Some Minnesotans may be familiar with the work of Maurice Sendak, who wrote and illustrated many books of so-called children's literature. His most famous work is probably "Where the Wild Things Are." Now, and unfortunately for his family and friends, a dispute over how his estate is distributing his property and the ensuing probate litigation threatening to make his estate administration seem much like the thick jungle of his famous book.

Sendak, who died two years ago, had in his possession a number of what his will described as rare books. He also had a collection of vintage books by Beatrix Potter, the author of "The Tale of Peter Rabbit." His will specified that his rare books would go to a particular museum. Except for where he otherwise specified, all of his other assets would go to a foundation bearing the author's name, which could turn around and sell them.
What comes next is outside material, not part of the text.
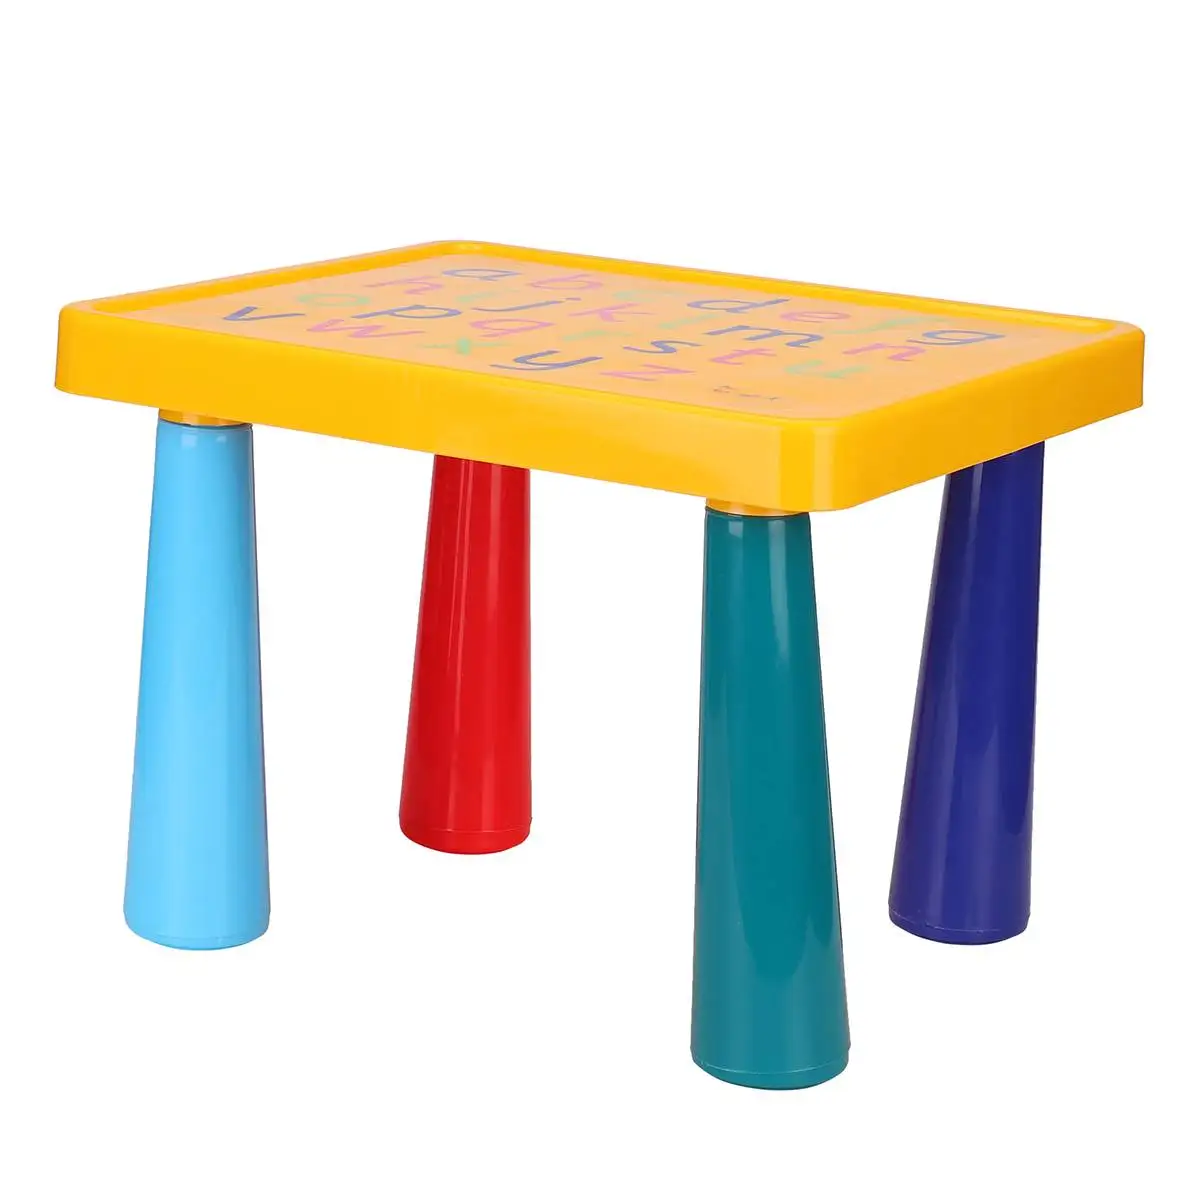 Children Chair Table Set Plastic Kids Play Study Desk Colorful Activity Writing Student Furniture Folding Children Furniture Set

Attorneys for the museum allege that this is exactly what the foundation intends to do and have suggested that unless a probate judge forces the administrators of the author's estate to turn over the books, the foundation will sell them at an auction early next year. According to the museum, the estate has declined to do so, saying that the Beatrix Potter collection are not rare books. Supposedly, the estate claims that the books are not rare books because they are children's literature.

No matter how a judge rules on this request, the case illustrates that probate litigation can not only involve sweeping challenges to the validity of a will or trust document but also involve seeming minor points, like the meaning of an unclear word or phrase. In such cases, there may still be a need to have the assistance of an experienced probate litigation attorney.